NYFF2
Tonight’s movie was Silent Light, a film that i decided to see on premise alone: the patriarch of a Mennonite family begins an extramarital affair and slowly becomes convinced that the ‘other woman’ is part of God’s will. That glib sentence sells this breathtaking film way short, and I’ll fumble forward for meaning and express one huge reservation after the cut.
I was in love with this movie before its masterful opening shot was over. We’re treated to a long sunrise on a Mexican countryside, a shot that lingers for close to seven minutes before we begin the action proper.
And even then, “action” is the wrong word. The film is gorgeously lethargic, holding silences for eternities, reducing paragraphs of emotion to a handful words, dedicating whole scenes to following a car as it drives down a deserted country road. Carlos Reygadas flair for images is flat-out astonishing — the composition of most of these shots is breathtaking. I could watch this guy crawl a camera across wheat fields for six hours. Even when we’re doing nothing more than watching a child’s silent face, it’s absolutely transfixing.
Because it’s so methodically paced, when true wrenching human emotion finally does surface — in the middle of a rainstorm, no less — it’s devastating, a final awful payoff for two hours of watching silent agony build and build and build. The film is even-handed and almost ruthlessly naturalistic, its slowness generating an aura of solemnity that — fittingly enough — feels downright religious.
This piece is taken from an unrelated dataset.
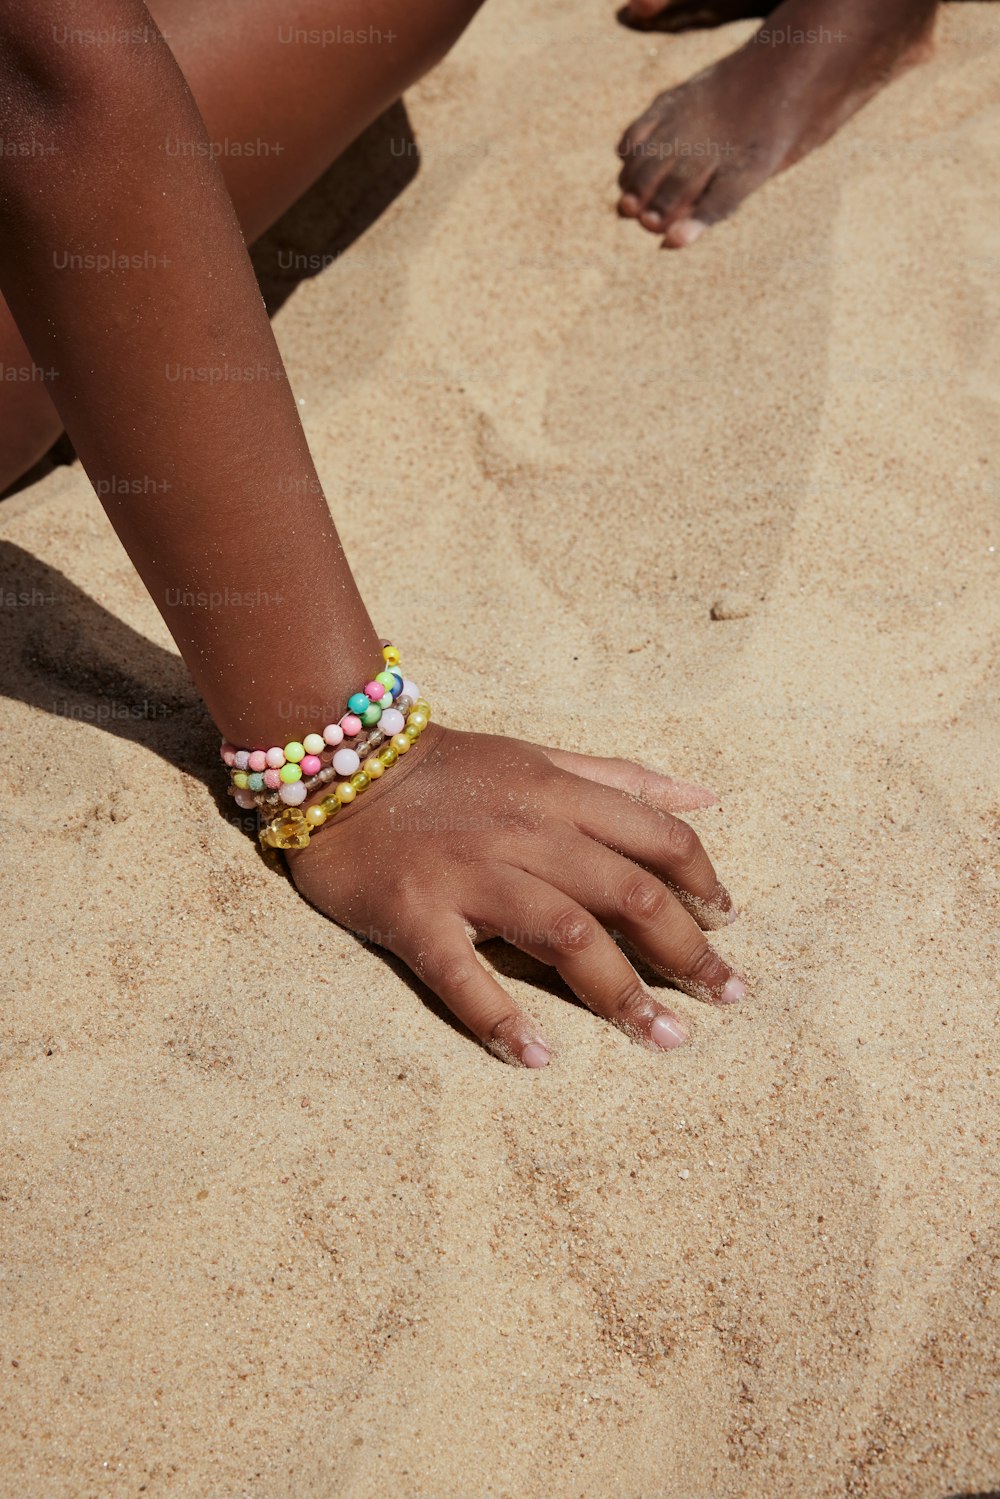 um close up da mão de uma pessoa na areia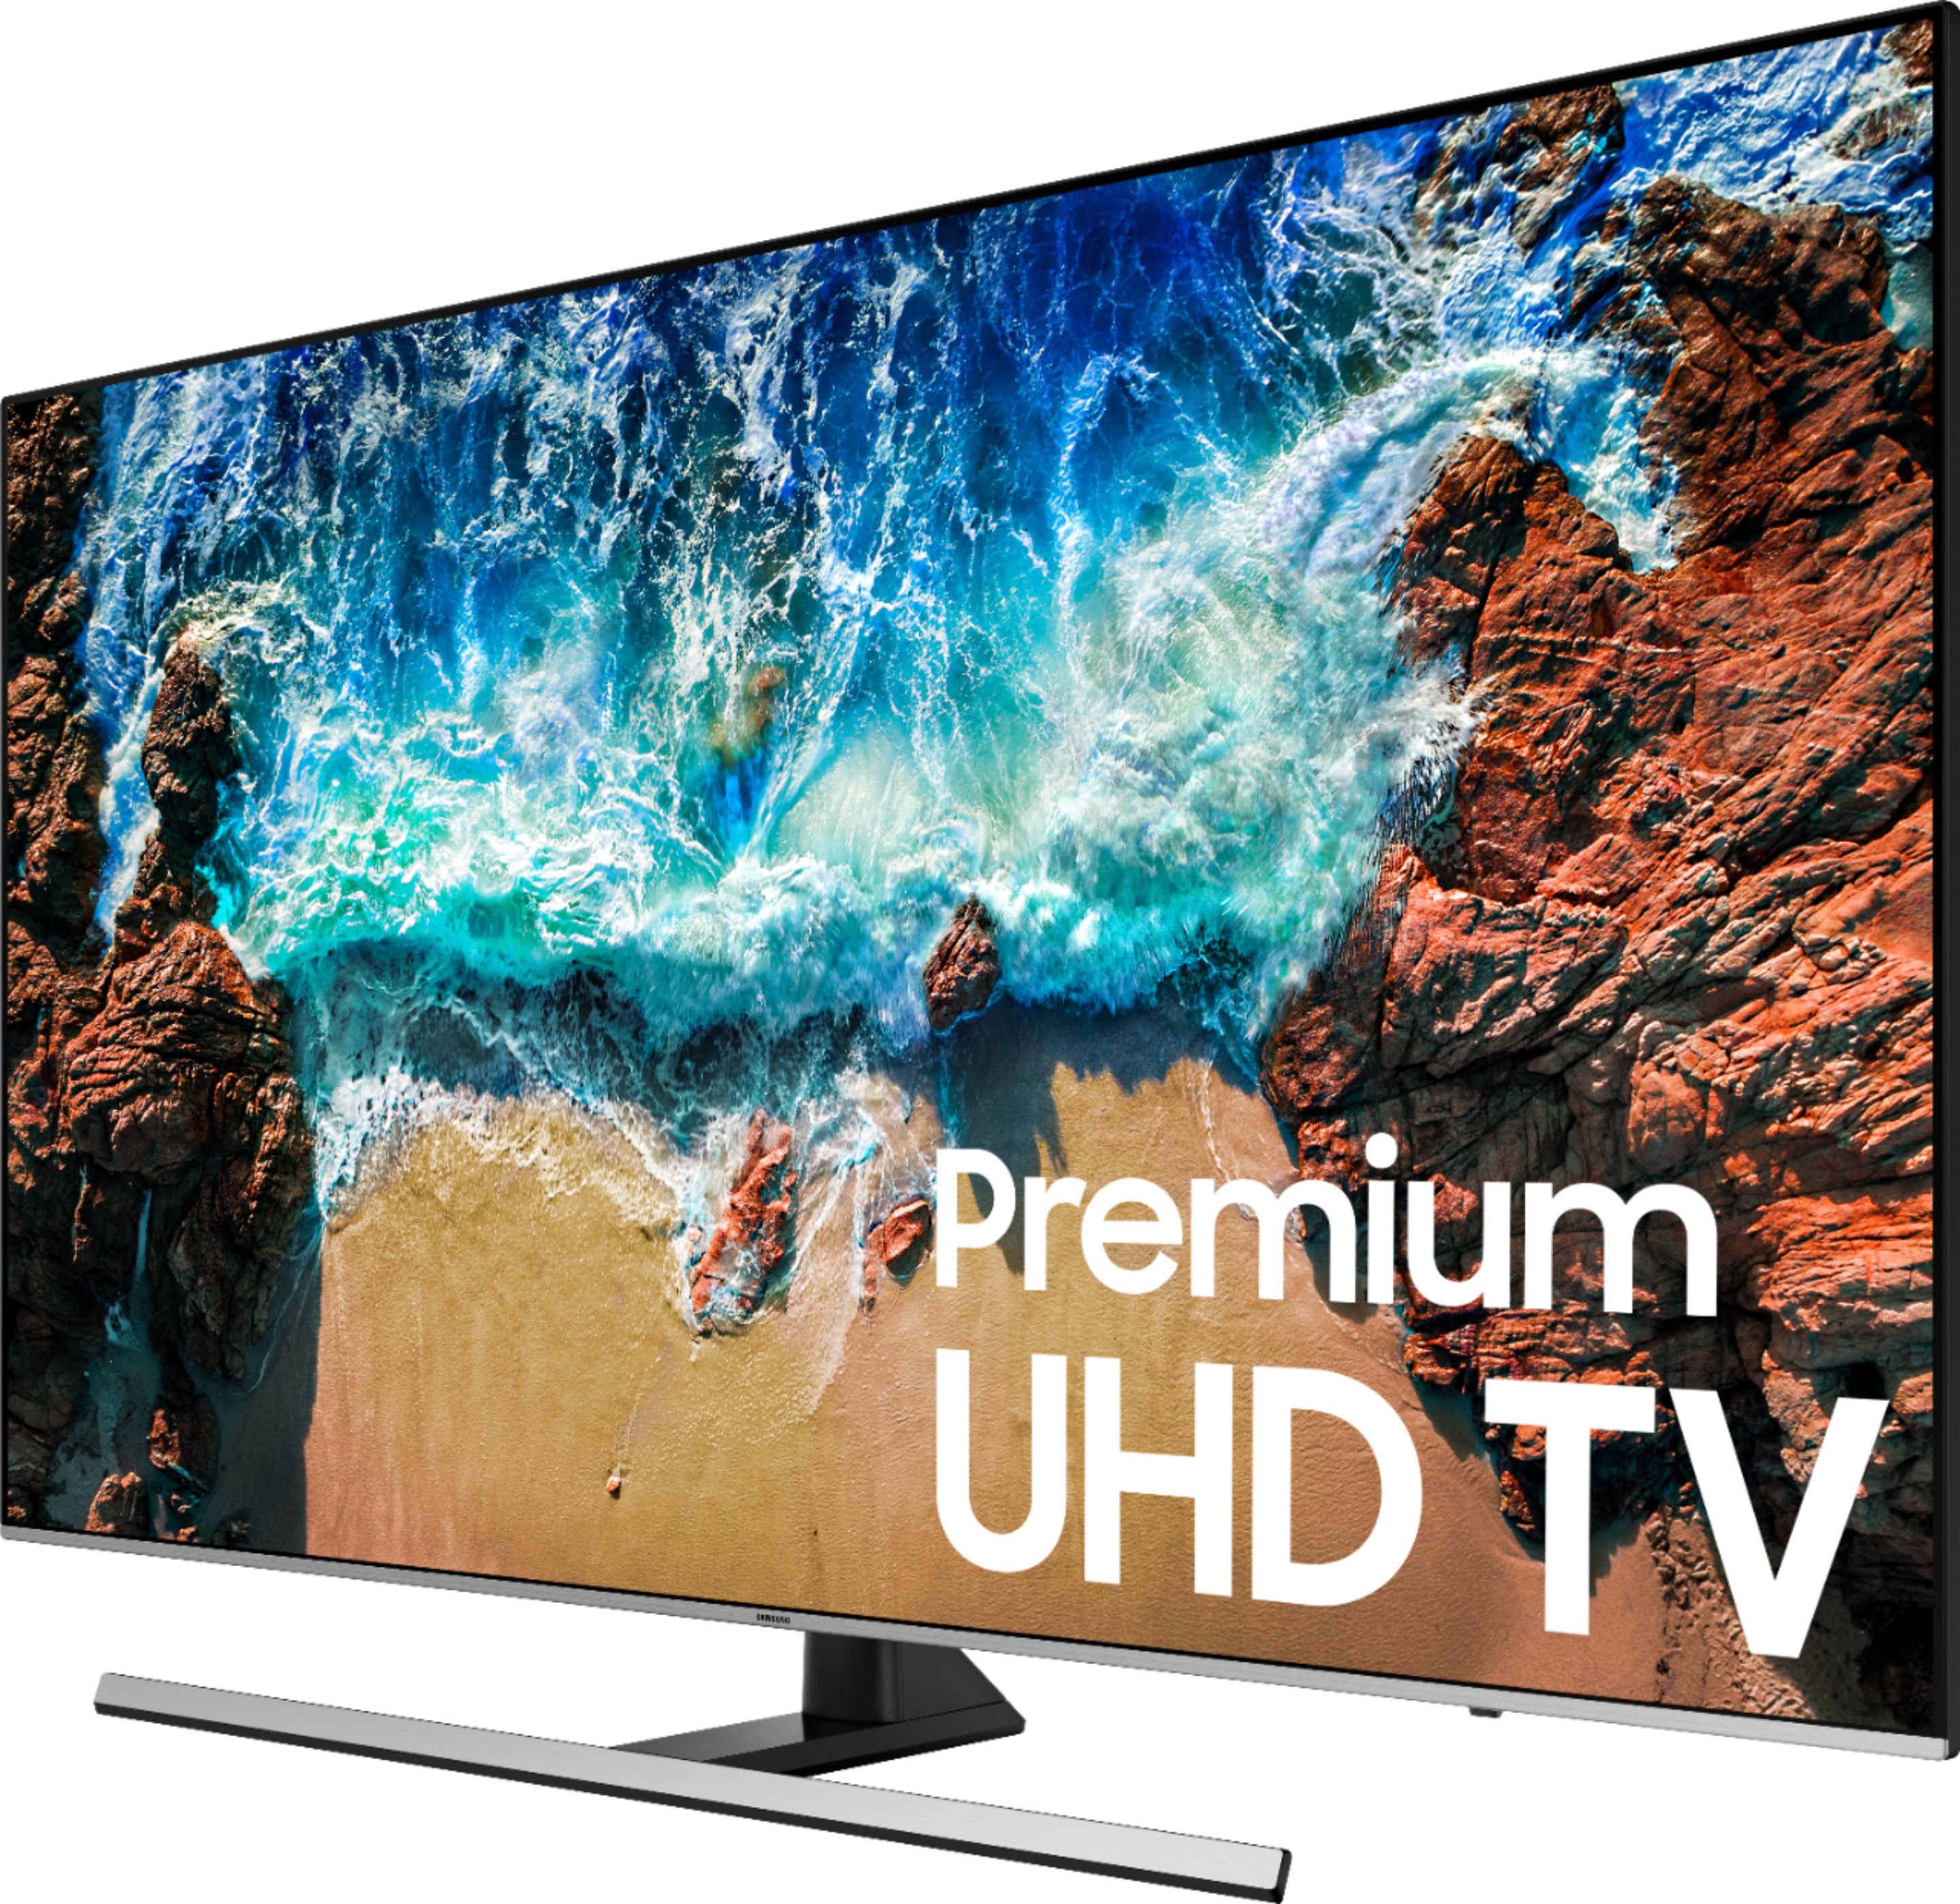 La Smart TV Samsung Incurvé LED 4K UHD 49 pouces à prix cassé pour le Black  Friday

Which is why the film’s final minutes were such a total fucking drag to me. It’s possible I’m being a clod by interpreting literally the One Big Thing that happens at the end of the film, but there’s nothing that precedes it that implies I should do otherwise. It rang incredibly false to me, a kind of Lars Von Trier Big Statement that was out of step with the rest of the movie’s quiet determinsim. It was like I’d spent two hours lovingly consuming a piece of angel food cake only to discover the middle was full of mayonnaise.
Someone, tell me I’m wrong! If only the director had been available for a Q&A I hadn’t been so goddamned hungry that I skipped the Q&A, I could have asked Reygadas about this myself.
Posted: October 2nd, 2007 under film.